EL caso Ballena Blanca ha acabado en chanquete blanco, como había pronosticado un abogado de la defensa. Fue presentado por las autoridades como el mayor golpe al blanqueo de dinero procedente del tráfico de drogas jamás realizado en España: cincuenta detenidos, 250 propiedades inmobiliarias intervenidas y una estimación de 250 millones de euros lavados por la trama.

Al cabo, la Audiencia de Málaga ha dictado sentencia condenando a penas menores a cinco de los diecinueve acusados, absolviendo a los restantes y dando un palo considerable al juez instructor -ojo, que es el mismo del caso Malaya, actualmente en juicio-, al fiscal y a los investigadores policiales. La Audiencia les reprocha haberse guiado por sospechas no probadas, insuficiente documentación y valoración excesiva de las labores de Inteligencia. Encima, anula las escuchas telefónicas que se pusieron en marcha contra los implicados.

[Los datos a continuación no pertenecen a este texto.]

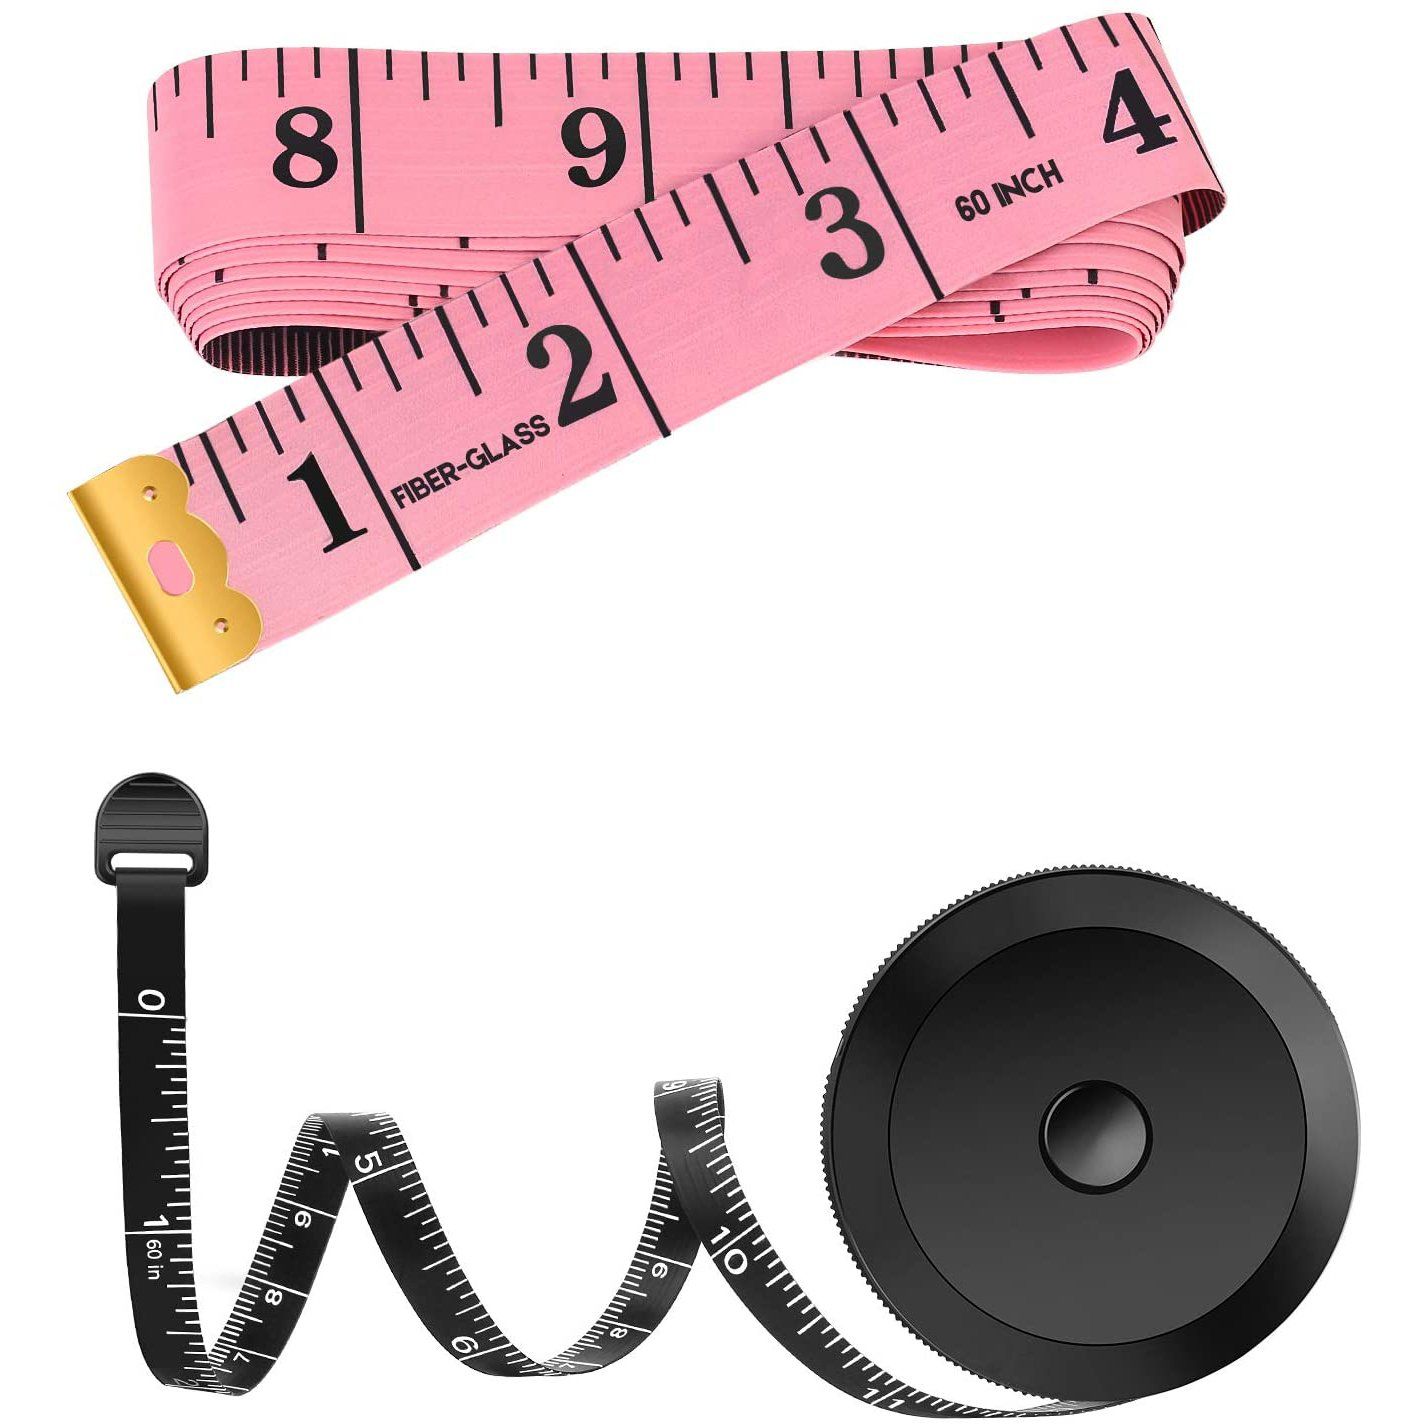  Body Tape Measure, 4PCS Measuring Tape for Body 60 Inch(150cm),  Retractable Soft Body Measurement Tape for Weight Loss, Fitness, Tailoring,  Sewing, Crafting Clothes, Black+ Yellow : Tools & Home Improvement

Así pues, la montaña parió un ratón. Llueve sobre mojado. Muchas causas sobre escándalos urbanísticos y de corrupción política impactan también en la opinión pública cuando se inician y quedan en nada, o en poco, cuando acaban. Sobre todo aquellas en que los presuntos implicados son triunfadores de la política o la empresa -les perjudica el resentimiento social que se vuelca sobre los poderosos- y en los que jueces y policías no se privan de aplicarles la pena de telediario (registros a primera hora de la mañana, fuerte despliegue de agentes del orden, detenidos a los que se esposa sin necesidad, y todo con cámaras y fotógrafos previamente avisados).

A este nivel inflado de expectativas de culpabilidad y ansia justiciera corresponde luego un nivel equivalente de decepción cuando el juicio termina en agua de borrajas. Y no necesariamente por que la Justicia sea un cachondeo y se equivoque más de la cuenta, sino por algo más elemental: la culpa hay que demostrarla. No basta con que un equipo policial o un fiscal tengan sospechas de que alguien ha cometido un delito. Deben allegar pruebas sólidas para convencer al tribunal de que sus sospechas responden a la realidad. De modo que para condenar a una persona se necesita -y no conozco un sistema menos malo- que sea culpable, en primer lugar, y que se demuestre que lo es, en segundo y definitivo.

Para lo cual hace falta más solvencia y discreción y menos espectacularidad y resonancia. Algunos de los jueces más brillantes y estelares de este país destacan por lo mal que instruyen las causas que tocan. Algunos responsables policiales destacan por lo mucho que descuidan las formas y lo rápido que venden sus éxitos. Pero el éxito no es detener a gente principal, sino poder demostrar su culpa.